Rhoda to Leroy: You've figured out something that never happened. And so it's all lies. Now take your excelsior to the basement and put it where you can sleep on it ...
Spoiler Alert: excelsior, the fine shavings found in a gift box of old treasures, makes up the highly flammable bed that Leroy sleeps on. Now what could happen her? What could possibly go wrong?
TV Tropes notes that Rhoda’s red shoes and Leroy’s excelsior are examples of what they call Chekhov’s Guns.
And another rabbit hole emerges……..
CHEKHOV’S GUN
"If you say in the first chapter that there is a rifle hanging on the wall, in the second or third chapter it absolutely must go off. If it's not going to be fired, it shouldn't be hanging there."— Anton Chekhov (From S. Shchukin, Memoirs. 1911.)
Chekhov, who was the master of the short story, gave this advice:
If it's not essential, don't include it in the story. The term has come to mean an insignificant object that later turns out to be important.
The excelsior is the weapon little Rhoda uses to murder Leroy, burning him alive in his bed of wood shavings.
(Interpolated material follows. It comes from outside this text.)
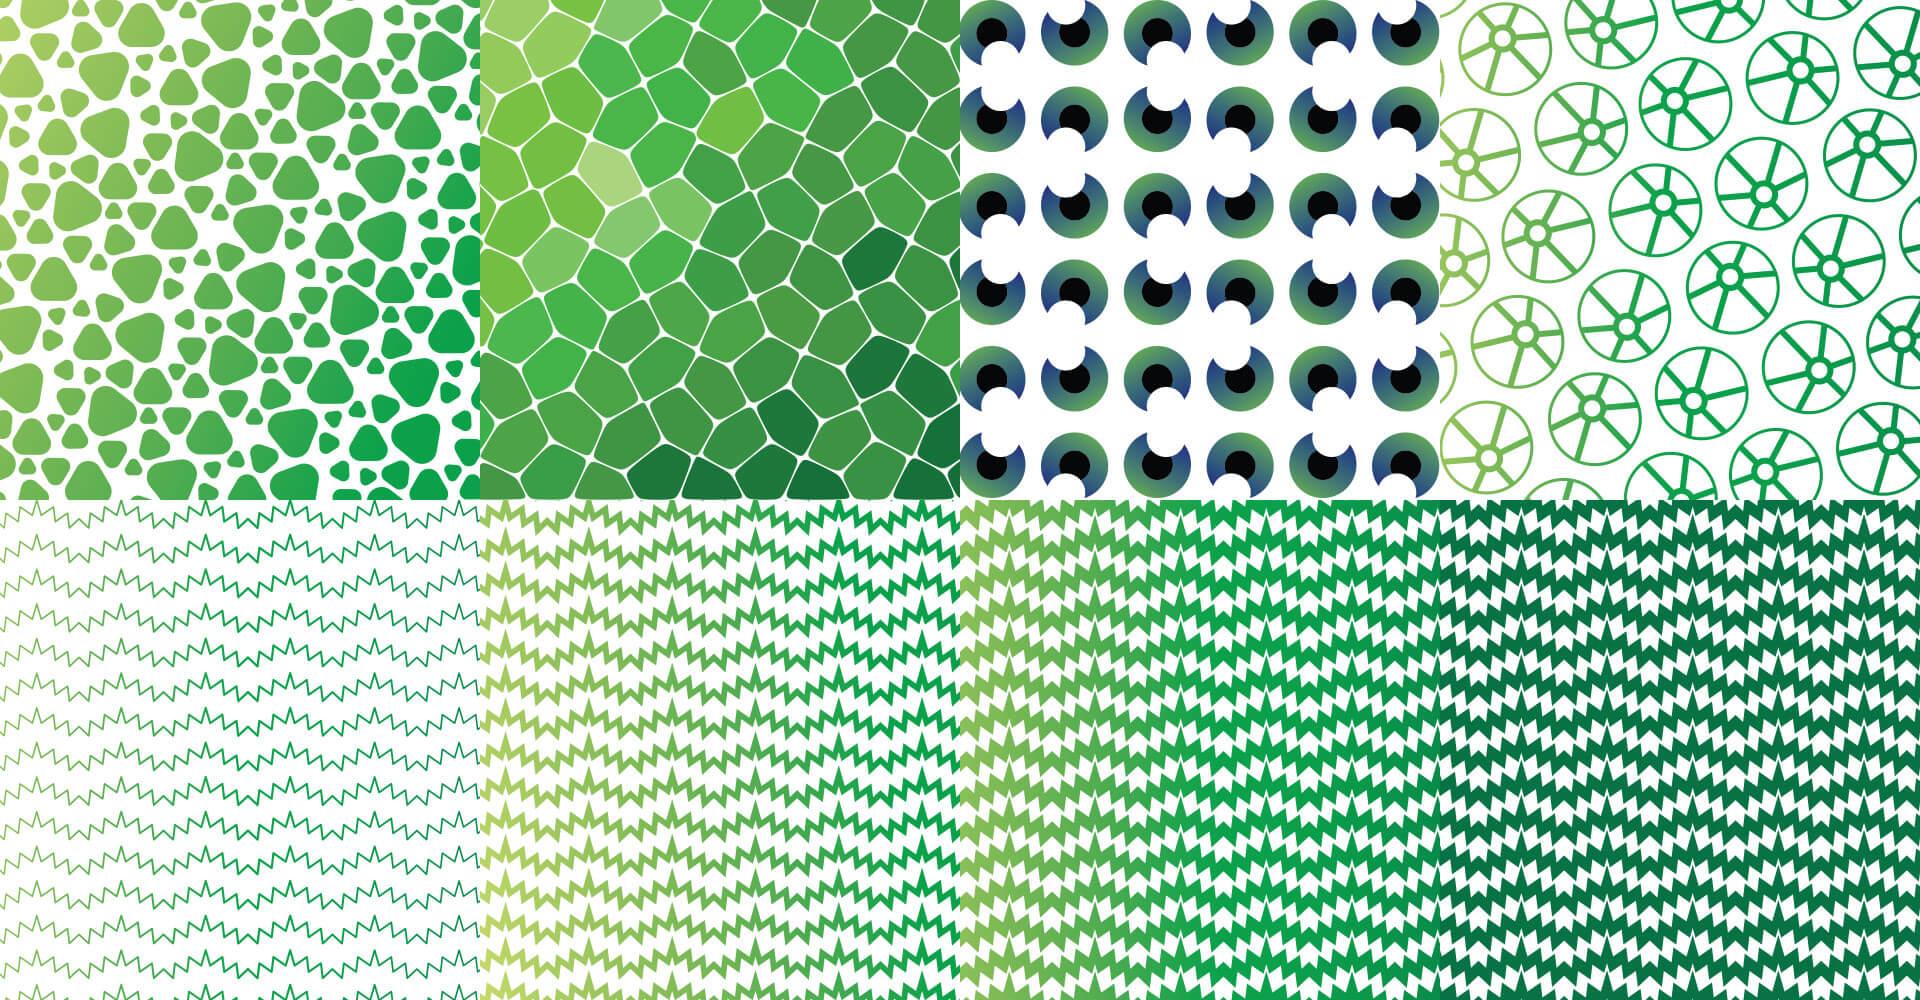 05 camarisol patterns

Our production was full of overacting, myself being a chief offender. However, I do remember being upstaged by my friend Earl, who came up with some business that distracted the audience from my theatrical brilliance. Or so I thought in my teenage narcissistic mind. In high school I excelled at playing sub-human intelligentsia, further refining my shuffles and mannerisms with the lead role in Flowers for Algernon ( made into the movie Charly), where I was again a mentally challenged adult, who undergoes a science experiment, turning him into an arrogant genius, then tragically morphing back into his shuffling self.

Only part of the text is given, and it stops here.